Glyme solvated Na and Li-ion capacitors based on co-intercalation process using pencil graphite as battery type electrode

• Published in: Journal of power sources Vol. 543; p. 231823
• Main Authors: Divya, Madhusoodhanan Lathika, Lee, Yun-Sung, Aravindan, Vanchiappan
• Format: Journal Article
• Language: English
• Published: Elsevier B.V 30.09.2022
• Subjects: Alkali metal ion hybrid supercapacitors; Co-intercalation; Glyme solvated Na and Li-ion capacitors; Kinetic mismatch; Pencil graphite; Solvated ion intercalation; Glyme solvated Na and Li-ion capacitors; Solvated ion intercalation; Alkali metal ion hybrid supercapacitors; Pencil graphite; Kinetic mismatch; Co-intercalation
• ISSN: 0378-7753; 1873-2755
• DOI: 10.1016/j.jpowsour.2022.231823

Co-intercalation, intercalation of solvated ions received significant research interest in the last decade mainly due to faster charge-discharge kinetics with enhanced diffusion and more excellent stability.
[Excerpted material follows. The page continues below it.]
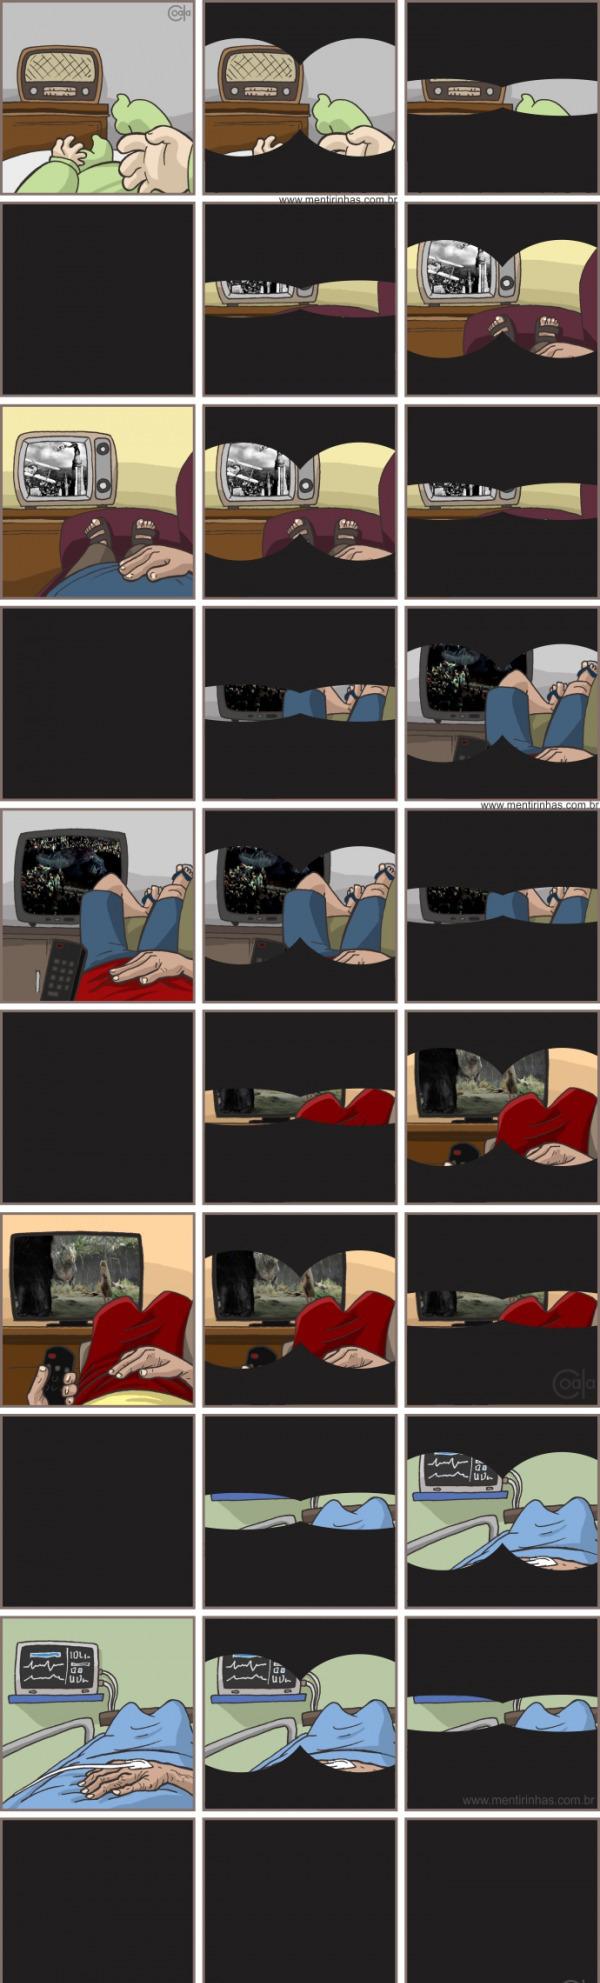 Смешные комиксы BroDude.ru smeshnie komiksi 1454543685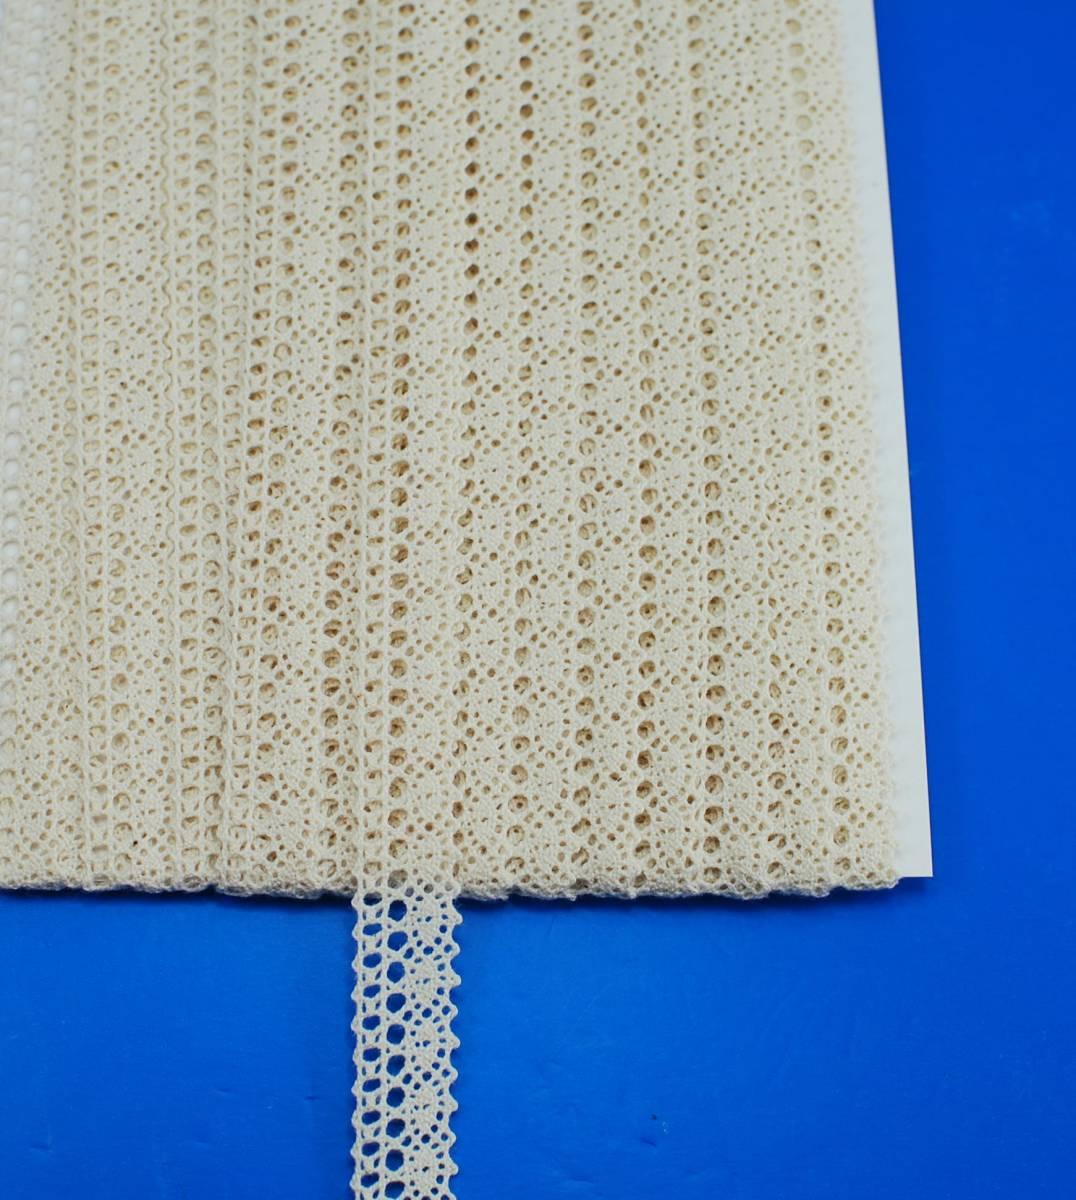 綿レース 15mm巾 生成 15m巻き_1反:15m巻きになります

Moreover, for the assembly of alkali metal-ion hybrid supercapacitors, with battery type anode and capacitive cathode, a co-intercalation-based anode is a suitable option to avoid the kinetic mismatch between the two electrodes and hence can guarantee better performance. In the present work, we considered pencil graphite (PG B), a cheap and readily available graphite silica composite, as a battery-type anode and commercial activated carbon (AC) as cathode for the assembly of glyme solvated Na and Li-ion capacitors ((PG B/1 M NaCF3SO3 in diglyme/AC) gs−NIC & ((PG B/1 M LiPF6 in tetraglyme/AC) gs−LIC). Such device prototypes could exhibit maximum energy-power storage capability of 78.7 Wh kg−1 and 3.73 kW kg−1 for gs−NIC and 47 Wh kg−1 and 3.13 kW kg−1 for gs−LIC. Besides, the gs−NIC system with the minimum capacity and kinetic imbalance between the two electrodes displayed brilliant cyclic stability of >97% capacity retention after 6000 charge-discharge cycles at a current density of 1 A g−1. However, the co-intercalation electrolyte system (salt and solvent) plays a vital role in the device's overall performance. •High-performance Li-ion and Na-ion capacitors are fabricated with pencil graphite.•“Glyme” family solvents are used to enable solvent-co-intercalation.•Usage of “Glyme” family solvents results in a trade-off between cell safety and energy.•Max. energy density of 47 and 78.7 Wh kg−1 is noted for Li and Na-ion capacitors.